Let me explain: I think of my life as a vector moving through time and space. There are points along this vector that mark the prodigious events of my life– birth, first speech, marriage, and so on– but the path itself is one of continuous motion and awareness, along which I am breathing, eating, living, and, of course, diabetezing. I might zig-zag around in a day of diabetic rebellion, but even then my path is continuous, diabetic and human throughout.

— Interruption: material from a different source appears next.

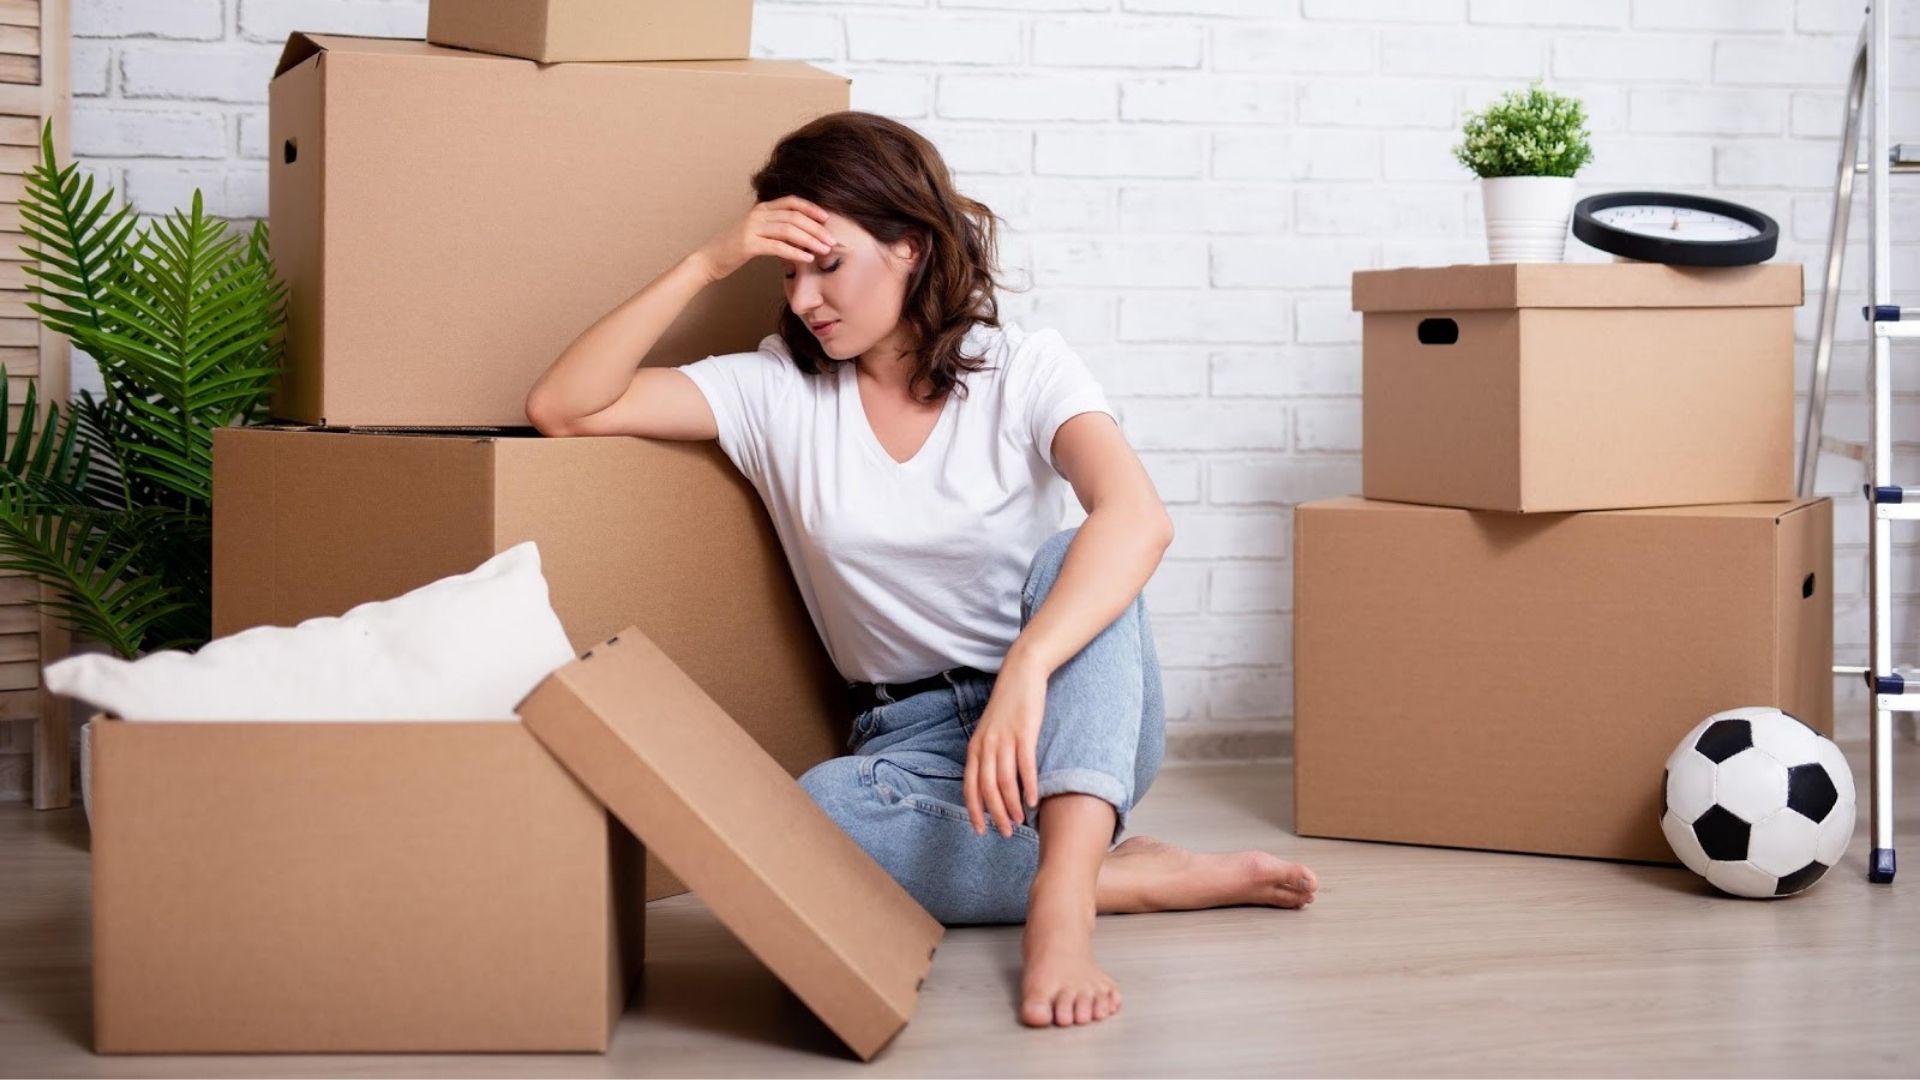 What Problems You May Face During a Household Move?
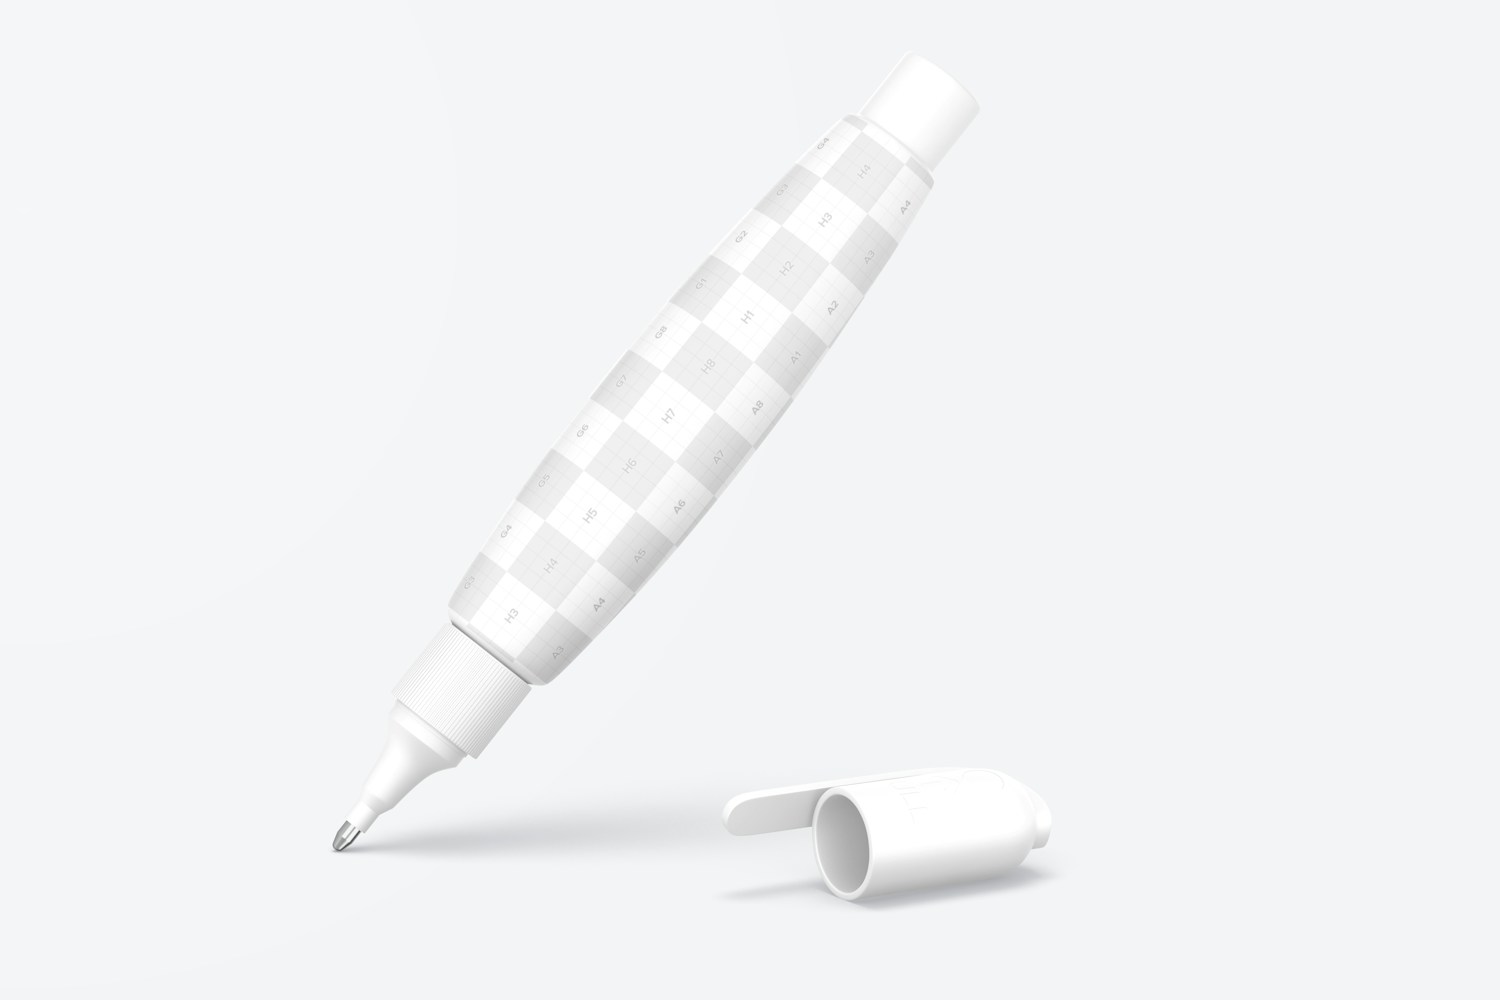 Correction Pen Mockup, Front View

But! But sometimes, like last Friday evening, there are moments. Moments of sensual awareness and beauty so poignant that in that instant, my path is broken, divided. Such instants are hard to define, and they vary with person and mood, but for me they are this: the sun filtered through tree leaves; the noise his scalp makes against my fingers when I play with his hair; the stillness in an empty room as I look out at the city; the sunset over the water passing the car window at a hundred miles an hour; and last Friday, the whine of Joshua Bell’s violin as he played a Bach sonata. In these moments, I am not a single body, moving through time and space, ever-breathing, ever-blinking, ever-monitoring; I am simply sensation, perception standing before beauty. My heart may beat, but I do not hear it.
And so it is for a brief time I am not a body, and I am not a diabetic, and I am not hungry, tired, happy, standing, sitting, anything. I am only present, a witness to beauty in the world, passing through an empty space in the vector of my life. (If you like math: in my mind’s eye, these moments are when x = -1 in the graph of (x + 1)(x + 2)/(x + 1).)
These moments are short indeed, and soon enough my body is reminding me I have to pee or eat or measure my blood sugar. Nonetheless, that instant, that sliver of respite from the constancy of human being is refreshing. And I sit back. And I say, Dear God that is beautiful. Weak words– but how else can I describe this disembodiment, this ascendence? I say ascendence here, not transcendence, with design: transcending my self or my diabetes is akin to a period of diabetic rebellion, in which I leave my body and feign for a while that I have a different body, an unbroken body. Ascendence implies to me a movement upwards, beyond any sort of body, into sense and sensation. (If you like French: this is similar to the idea of La Petit Mort— the moment of orgasm when the body is so happy it cannot think to want anything, and in this lack of want, is no longer really a living, breathing body.)
Why these moments? What about the sunlight of the music affects me so? I’m not sure; I’ve tried to analyze and taxonomize these ascendent instants, but I have not succeeded. Often light, specifically soft light reflected, plays a role, as do shiny and pretty things; but that is just me guessing. And last Friday, why music? I enjoy music, to be sure, but I am no musician and know very little about classical music. I suspect, though, that part of the trick of these moments is that they cannot be analyzed or duplicated, as they are by their very definition moments that must lack analysis and perspective, and must remain naked of thought.
What is all this to say? Well, for starters, I had a lovely Friday evening. But more importantly, we all need moments of respite, and diabetic rebellion can be dangerous. Better to watch for ascendent moments, and in that remember that the world is beautiful, life is beautiful, tiny moments good and full of glory.